Amiodarone was initially developed to alleviate angina pectoris in patients with coronary artery disease . Clinical evaluation of amiodarone as an antiarrhythmic drug revealed its efficacy for the treatment of supraventricular and ventricular tachyarrhythmia . Amiodarone was also found to exert other pharmacological effects beneficial for patients with congestive heart failure . Amiodarone possessed an antisympathetic effect on both alpha-adrenergic and beta-adrenergic receptors in response to sympathetic stimulation and circulating plasma catecholamines, which attenuated left ventricular afterload . Amiodarone also inhibited presynaptic release of neurotransmitter from adrenergic neurons and modulated the activity of the autonomic nervous system in acute and chronic heart failure.
Amiodarone, an iodinated benzofuran compound, has a cationic amphiphilic molecular structure that is composed of polar water-soluble and nonpolar lipidsoluble moieties similar to the molecular structure of phospholipids found in cell membranes . Amiodarone accumulates within the cell membrane phospholipids of target organs . The volume of distribution is approximately 5000 L because of avid tissue sequestration of amiodarone . Tissue concentration can exceed plasma concentration of amiodarone more than 100-fold . The half-life of elimination of plasma amiodarone has been estimated to be as long as 61 days, and tissue stores can last longer .

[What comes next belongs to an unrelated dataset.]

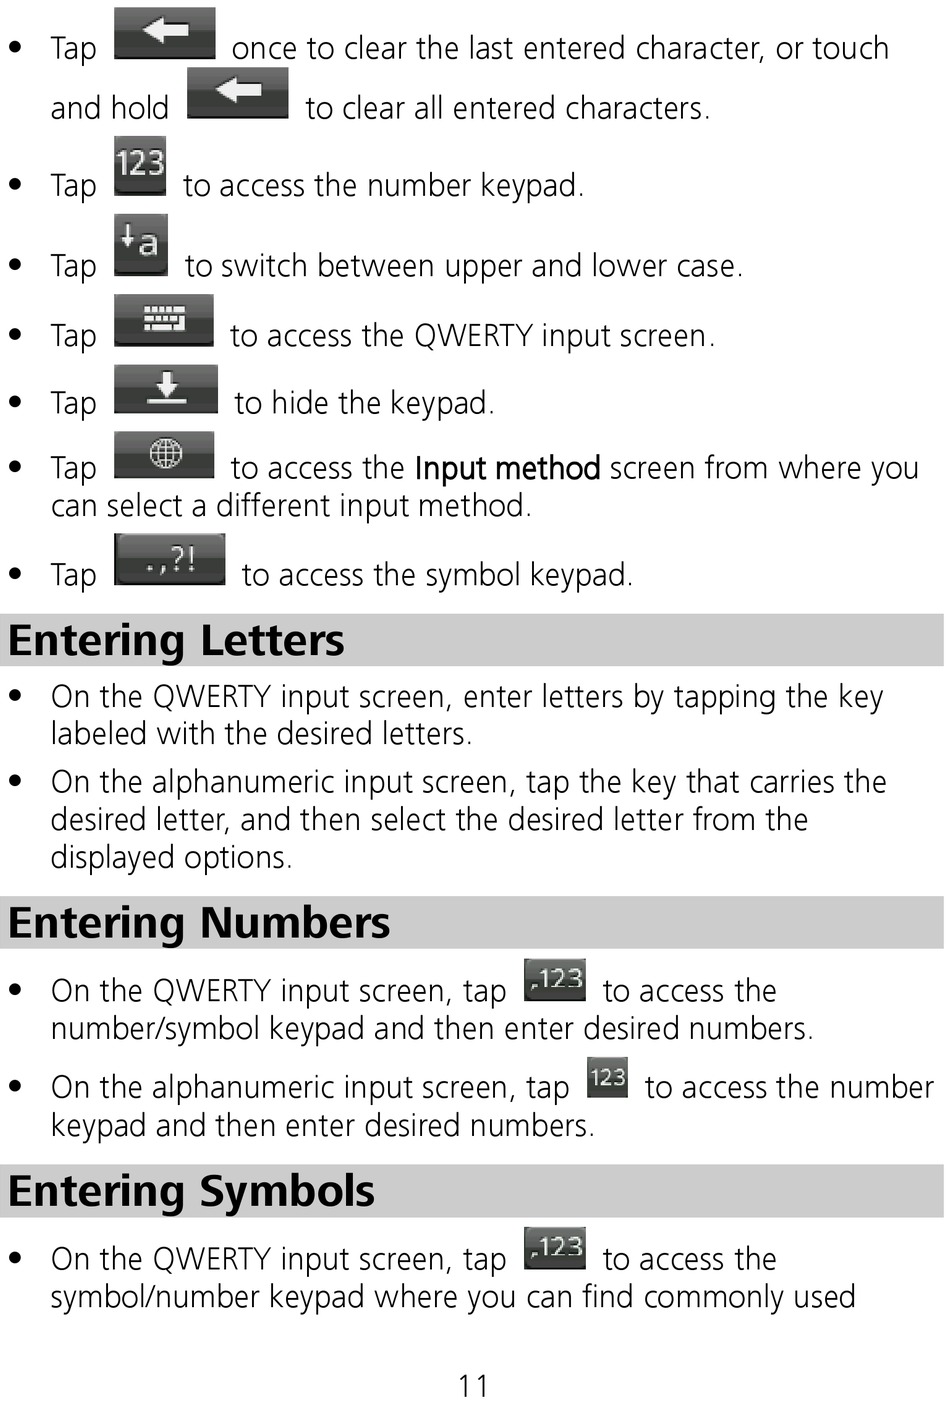 how to enter letters on phone keypad android

Amiodarone has been reported to cause skin discoloration, corneal microdeposits, abnormal liver enzymes, renal insufficiency, abnormal thyroid function, and neuromuscular symptoms . Pulmonary fibrosis and amiodarone pulmonary toxicity are among the most well documented serious complications of chronic therapy with amiodarone . Several studies reported an increased incidence of acute organ dysfunction, including acute respiratory distress syndrome (ARDS) and cardiac dysfunction after surgery in patients receiving amiodarone [8-22] (Table 1). These reports recommended discontinuation of amiodarone therapy for several weeks before surgery to reduce postoperative morbidity in patients who are also at high-risk of suffering a life-threatening arrhythmia [15,19,21,22]. However, subsequent studies did not observe any additional increase in the incidence of acute organ dysfunction from amiodarone in the critically ill or after cardiac surgery [23-26] (Table 1).
The exact etiologic role of amiodarone in the development of acute organ dysfunction after cardiac surgery remains controversial. Previous studies enrolled patients with severe underlying cardiopulmonary disease who underwent high-risk surgical procedures. The nature of the underlying disease, in addition to the type of surgical procedures and perioperative events, obscured the potential contribution of amiodarone for the development of acute organ dysfunction after cardiac surgery . To determine the contribution of preoperative therapy with amiodarone on the incidence of acute organ dysfunction after cardiac surgery, we designed a pairwise-matched (1:1) case-control study. The matching criteria of the study cohort were demographic characteristics and perioperative risk factors that were reported to influence the development of acute organ dysfunction after cardiac surgery .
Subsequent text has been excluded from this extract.